Since an image can be viewed as a set of pixel values $\{I_{<x,y>}\}$, a time sequence of images can be regarded as a set of time sequences of pixel values $\{I_{<x,y>}(t)\}$. Let $\bar{I}_{<x,y>}$ be average value of the sequence of pixel values I_<x,y>(t). By applying a linear AR model to each of the sequence of pixel values $I_{<x,y>}(t) - \bar{I}_{<x,y>}$, we can compute PARCOR coefficients P^m_<x,y>, where m is the order of the AR model. By rearranging the PARCOR coefficients P^m_<x,y> as an image, we can obtain PARCOR image of the order m. Fig.1 shows snapshots of a image sequence and its first order PARCOR image.

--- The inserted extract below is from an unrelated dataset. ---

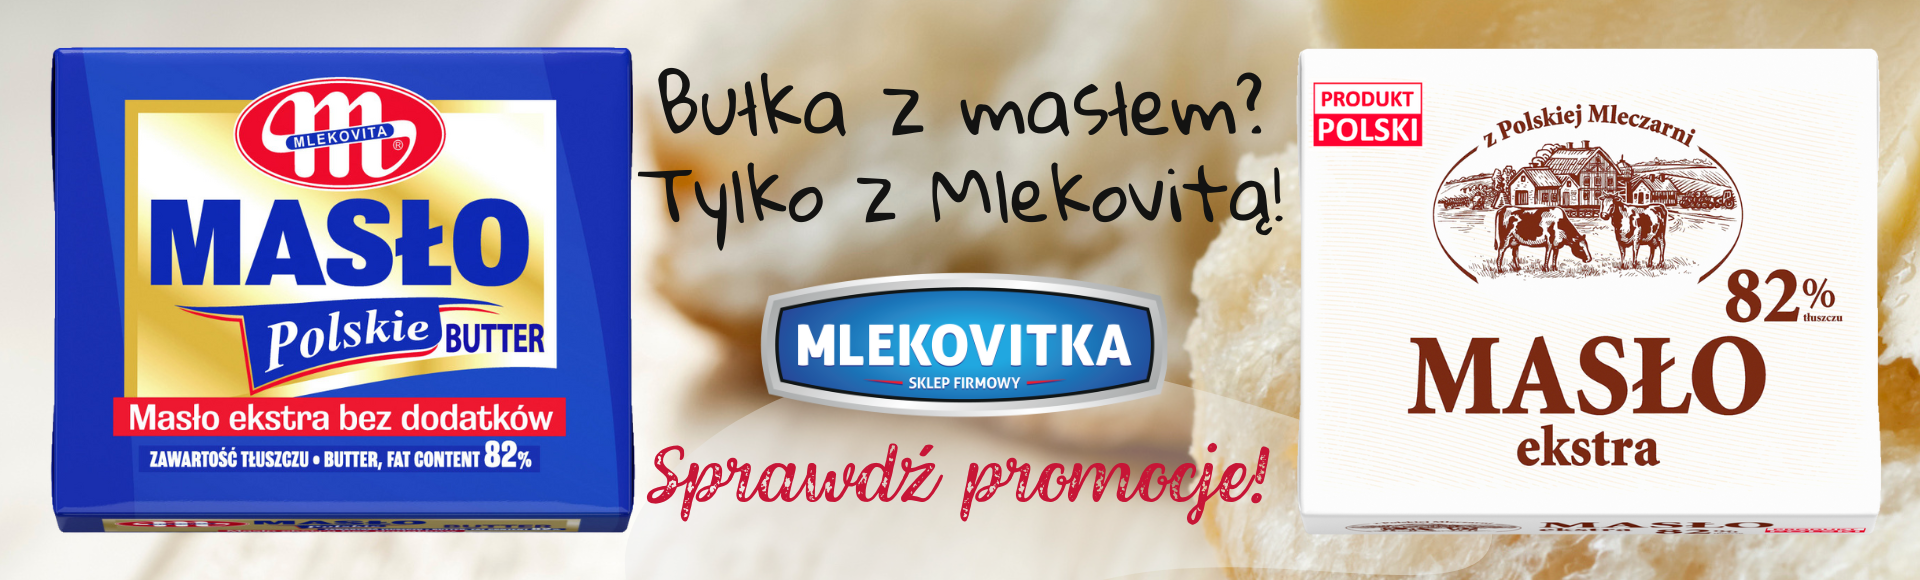 Promocje Mlekovitka.pl
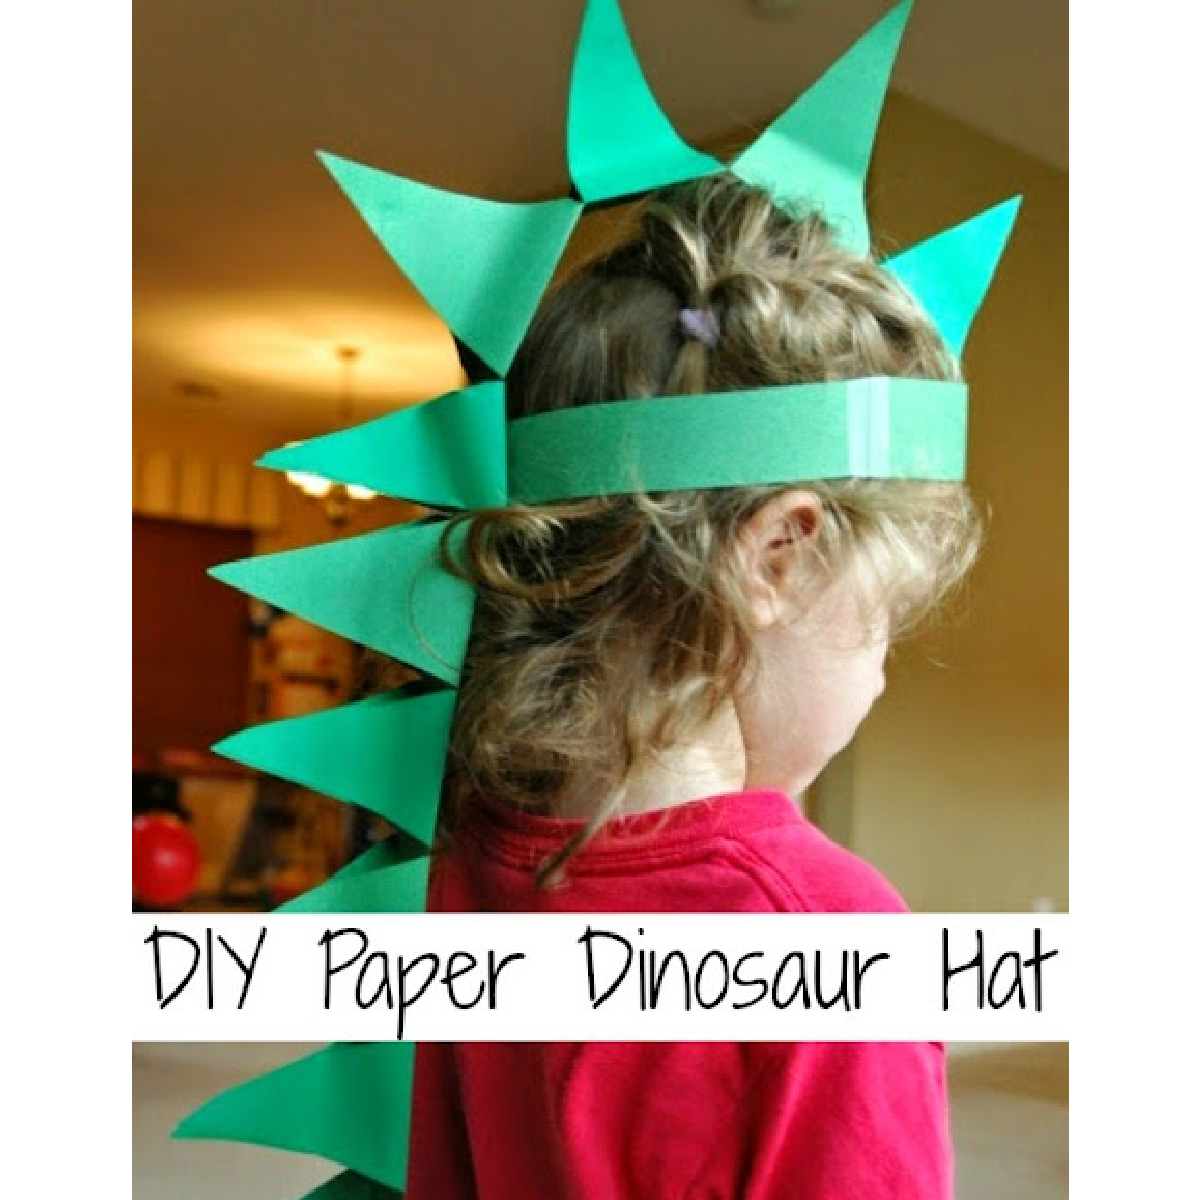 Dress up ideas- green dinosaur hat worn by little girl- kids activities blog

In general, by increasing the order of AR models, the mean squared errors for the learning samples decrease, but the generalization ability of the learned model also decreases. Thus we have to select a proper order of AR models. For each sequence of pixel values, we determined the order of AR model by checking the prediction error residual. If the prediction error residual is less than a threshold, then the PARCOR coefficients greater than that order are set to zero. Then PARCOR coefficients for stationary regions such as background become 0. This means that HLAC features extracted from PARCOR images do not change even if the background is changed. This property is good for gesture recognition. PARCOR coefficients in non-stationary regions have values between -1 to 1.

  

Figure 1: Some images in a image sequence and its first order PARCOR image.